◆ **Exercise instructions**
Begin at the line containing "Organic Free Range" in the records below, end at the line containing "CYBEX Gazelle S", and retype each line in that span exactly. No other line and no image should appear.

◆ **Study material**
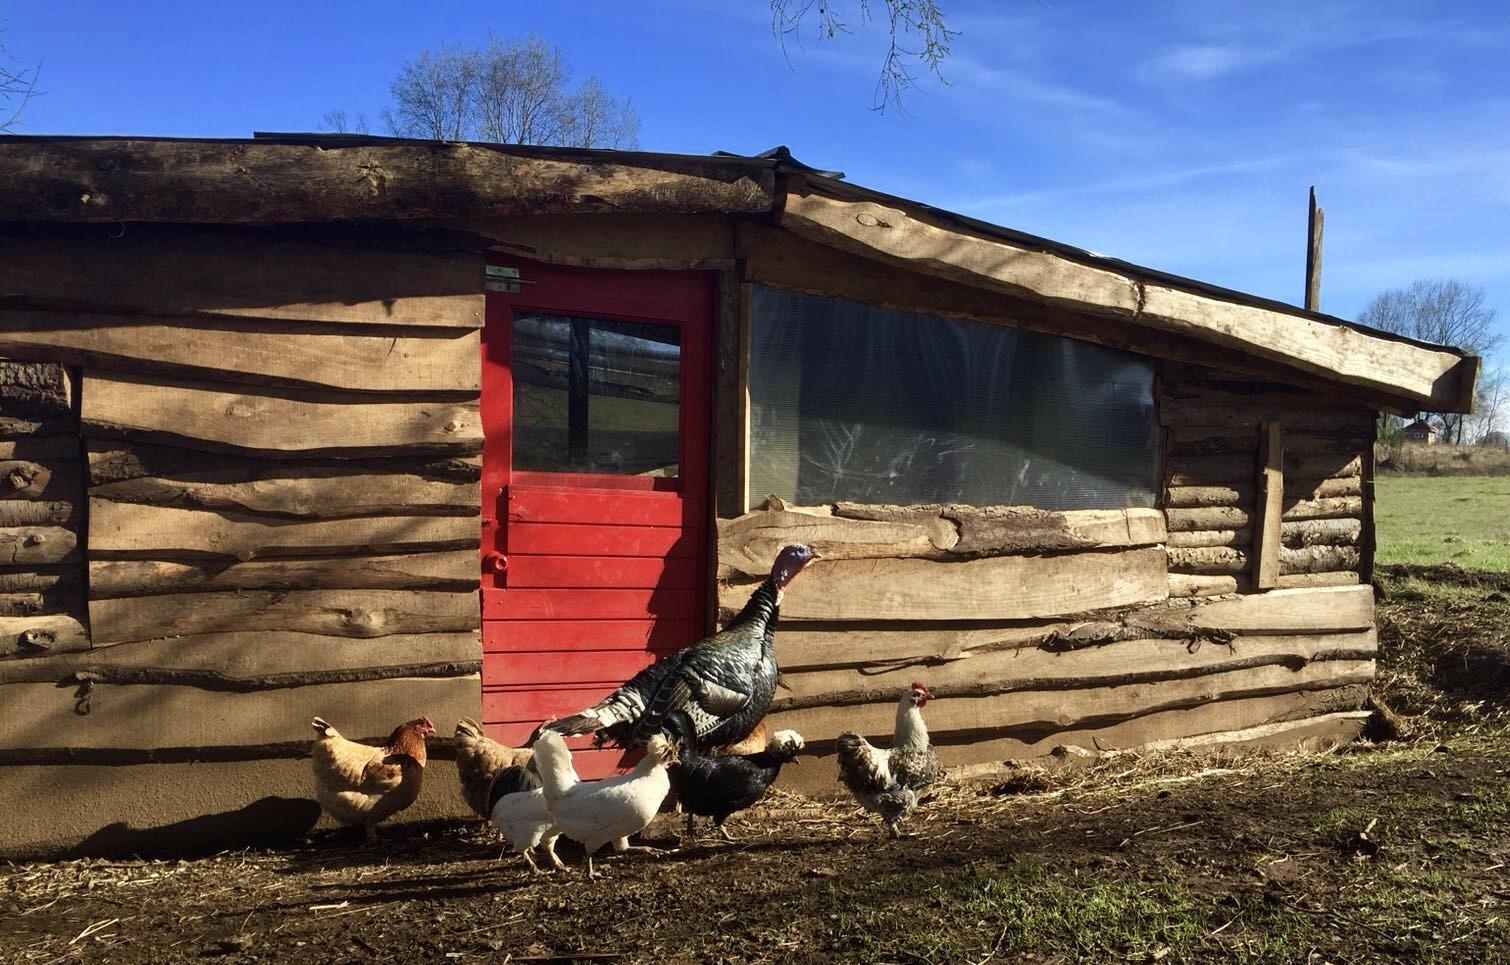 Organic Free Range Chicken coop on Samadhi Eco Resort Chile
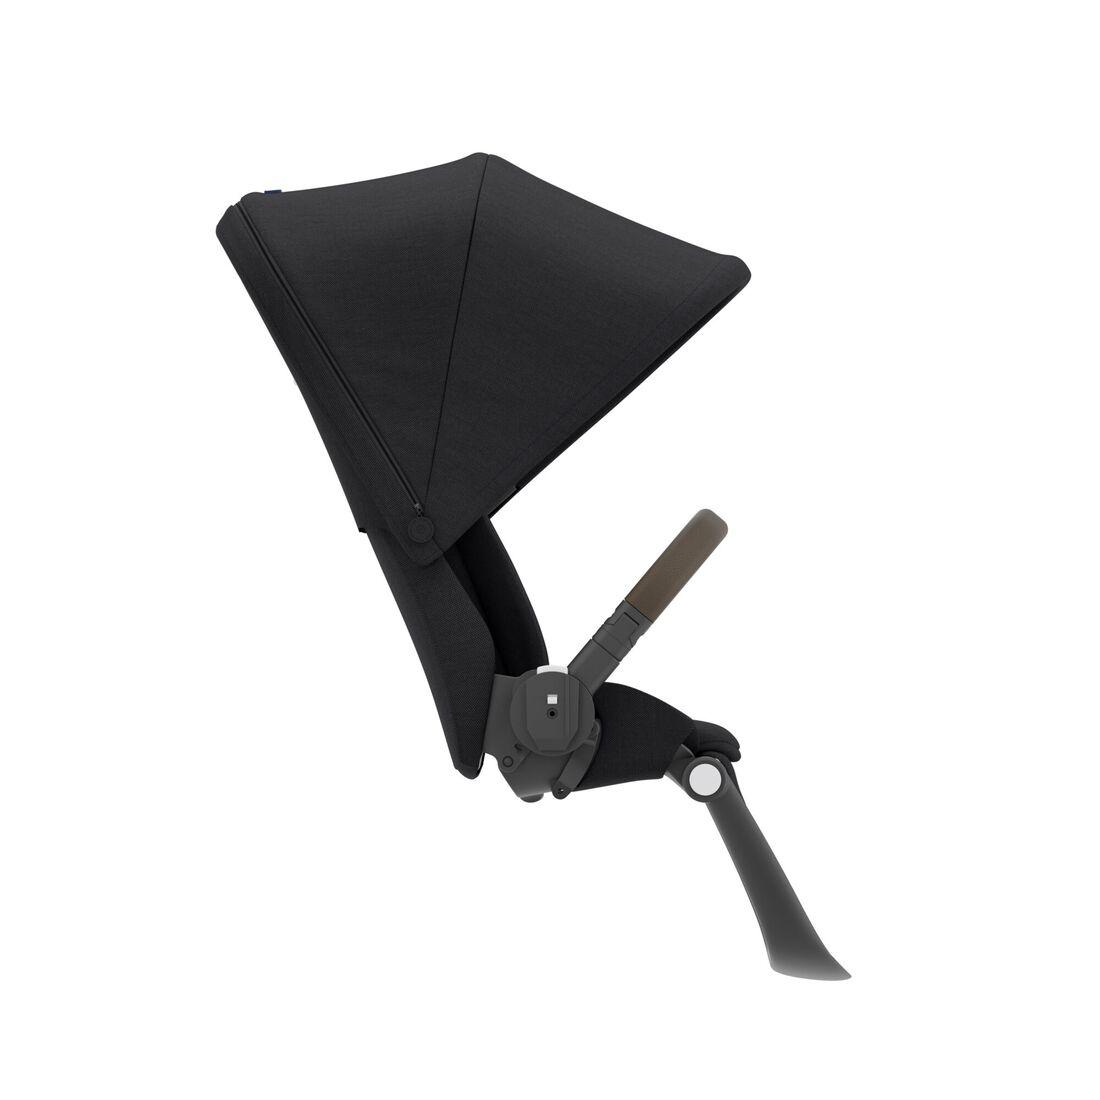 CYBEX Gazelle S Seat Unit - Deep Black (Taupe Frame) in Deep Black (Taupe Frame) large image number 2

* * *

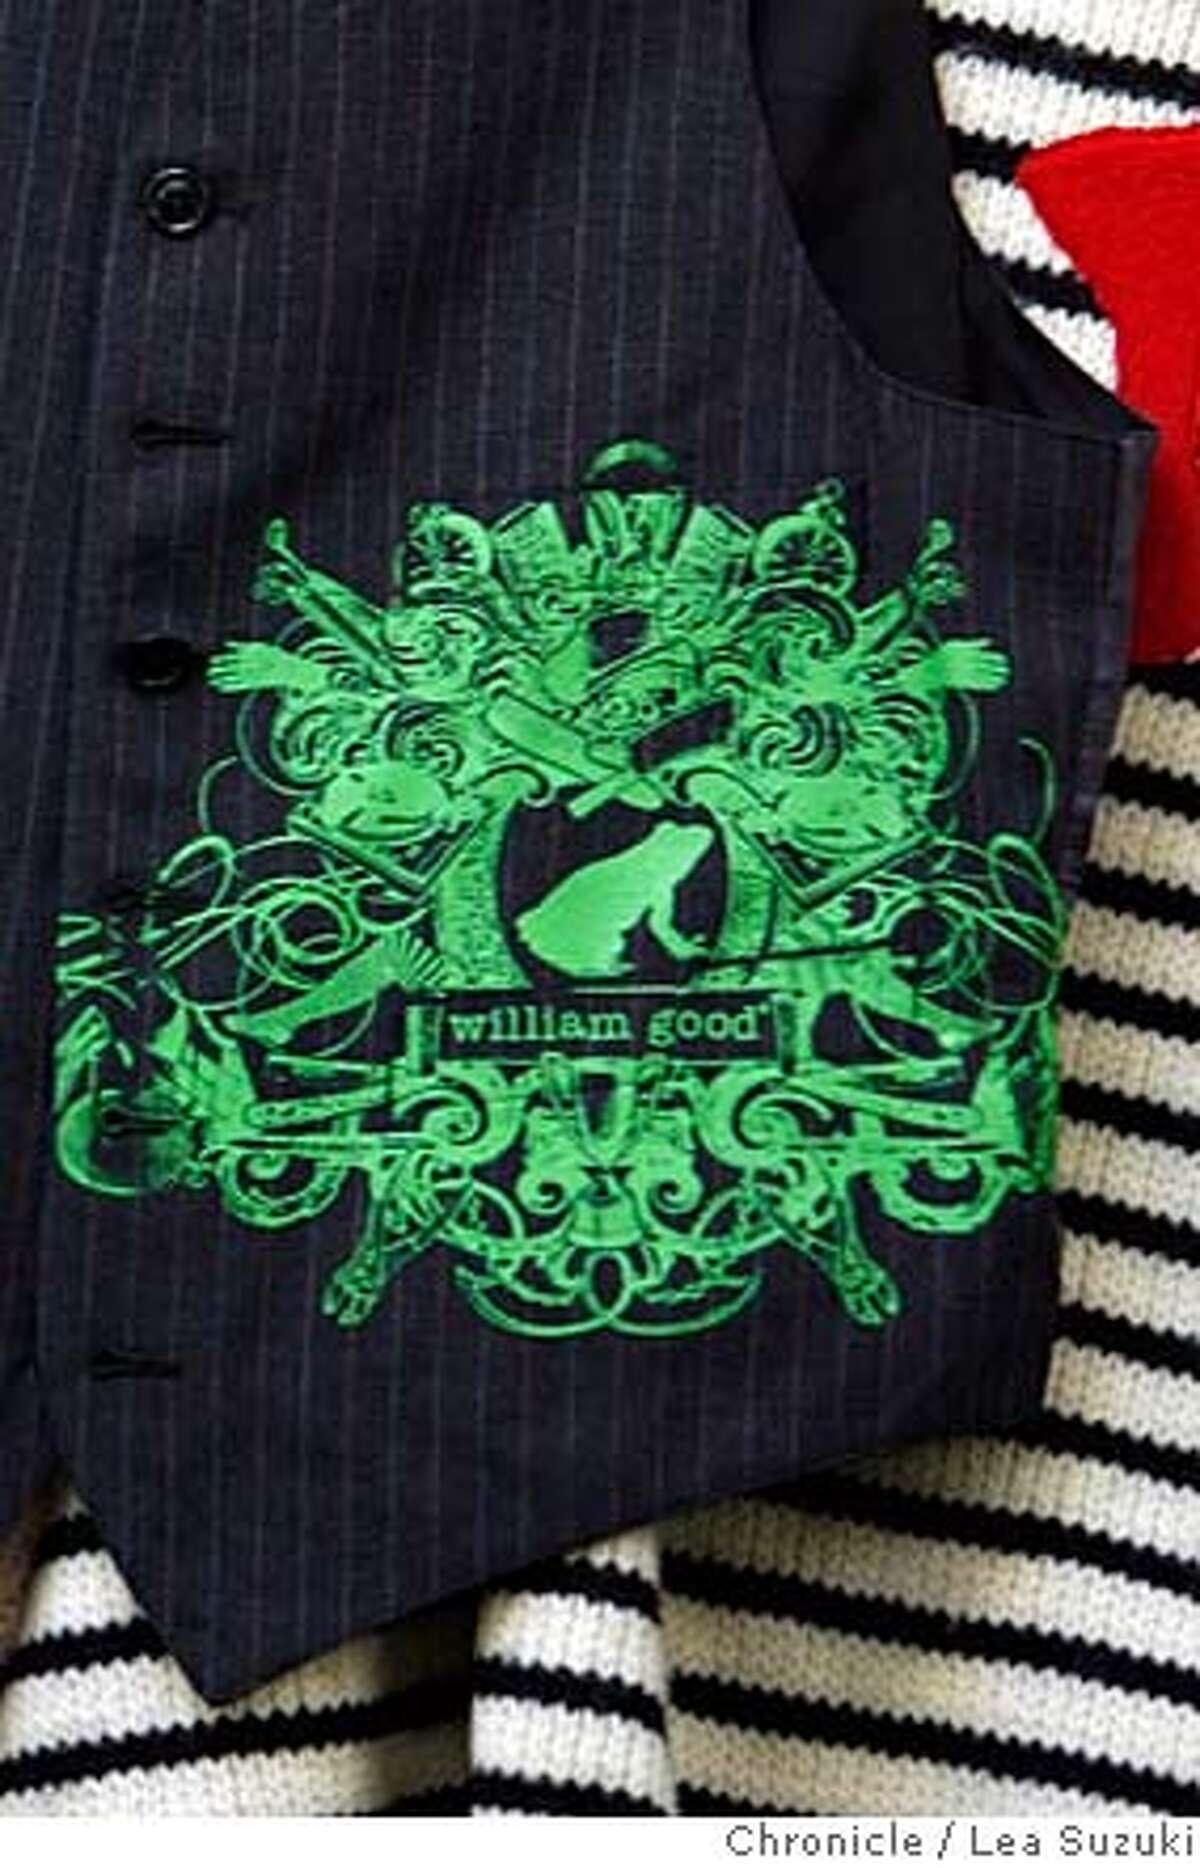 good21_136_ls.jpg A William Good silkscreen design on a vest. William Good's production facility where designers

* * *

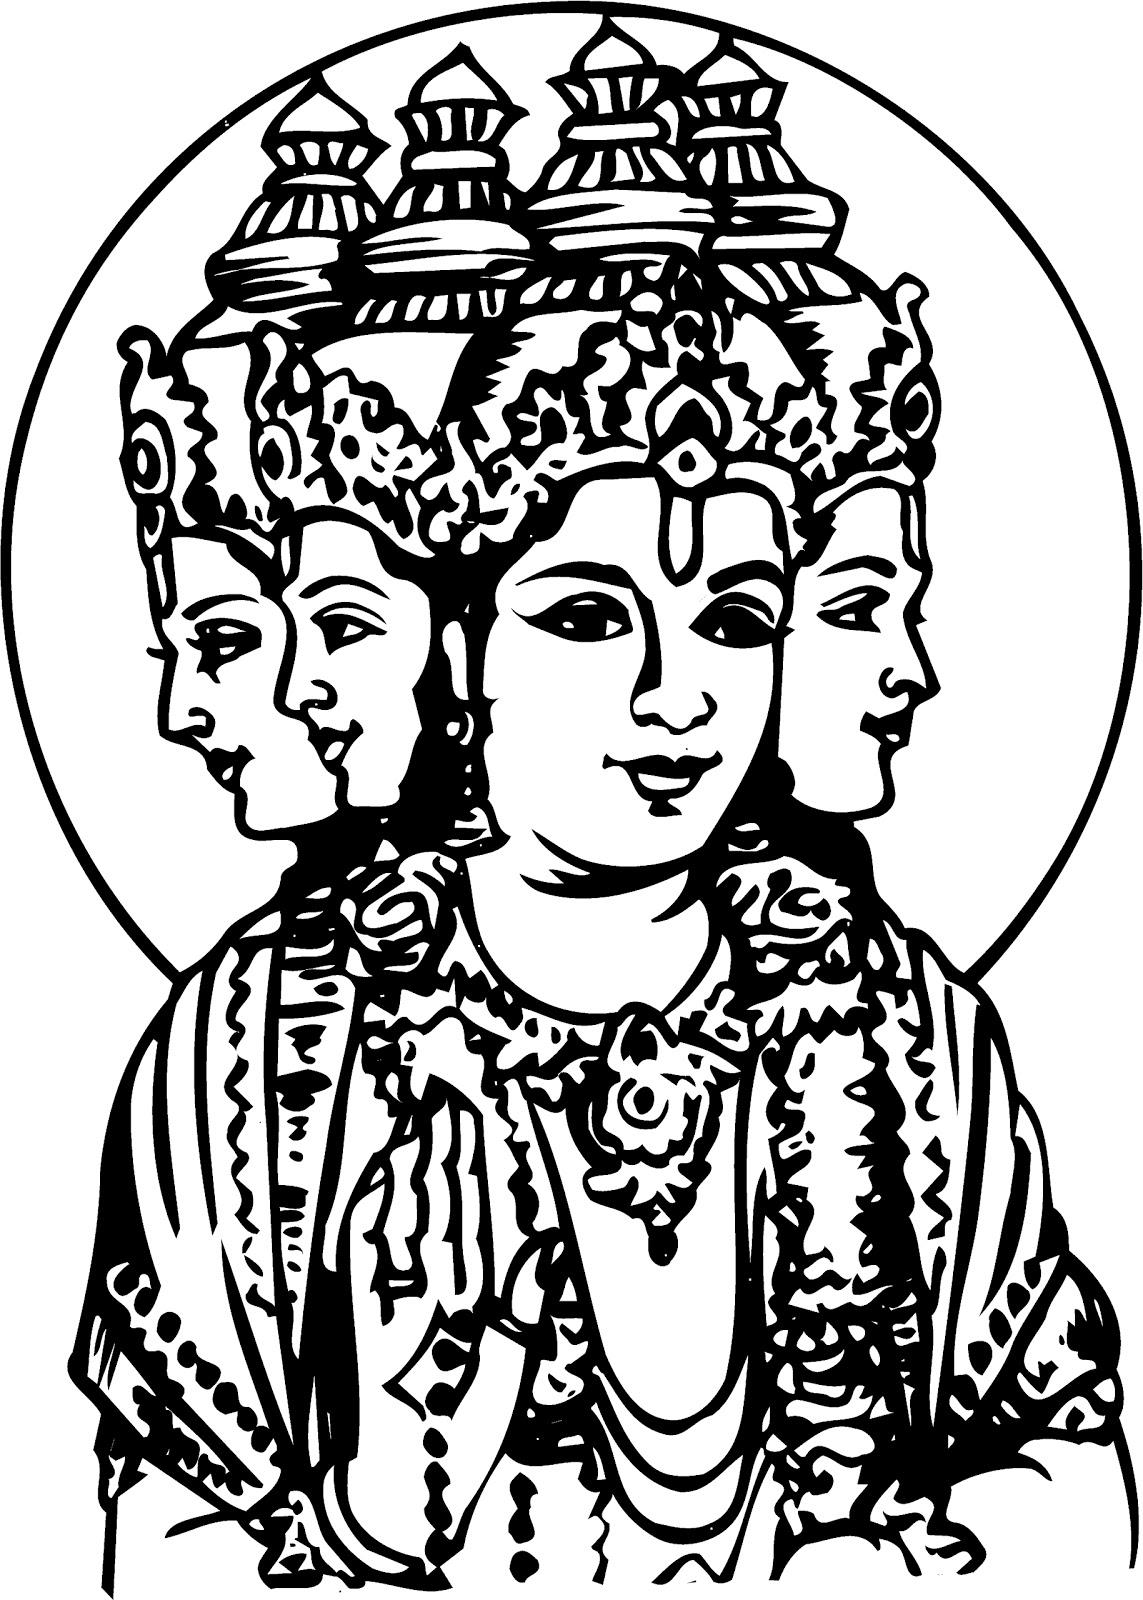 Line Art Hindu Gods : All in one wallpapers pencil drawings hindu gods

◆ **The completed task**
 Organic Free Range Chicken coop on Samadhi Eco Resort Chile
 CYBEX Gazelle S Seat Unit - Deep Black (Taupe Frame) in Deep Black (Taupe Frame) large image number 2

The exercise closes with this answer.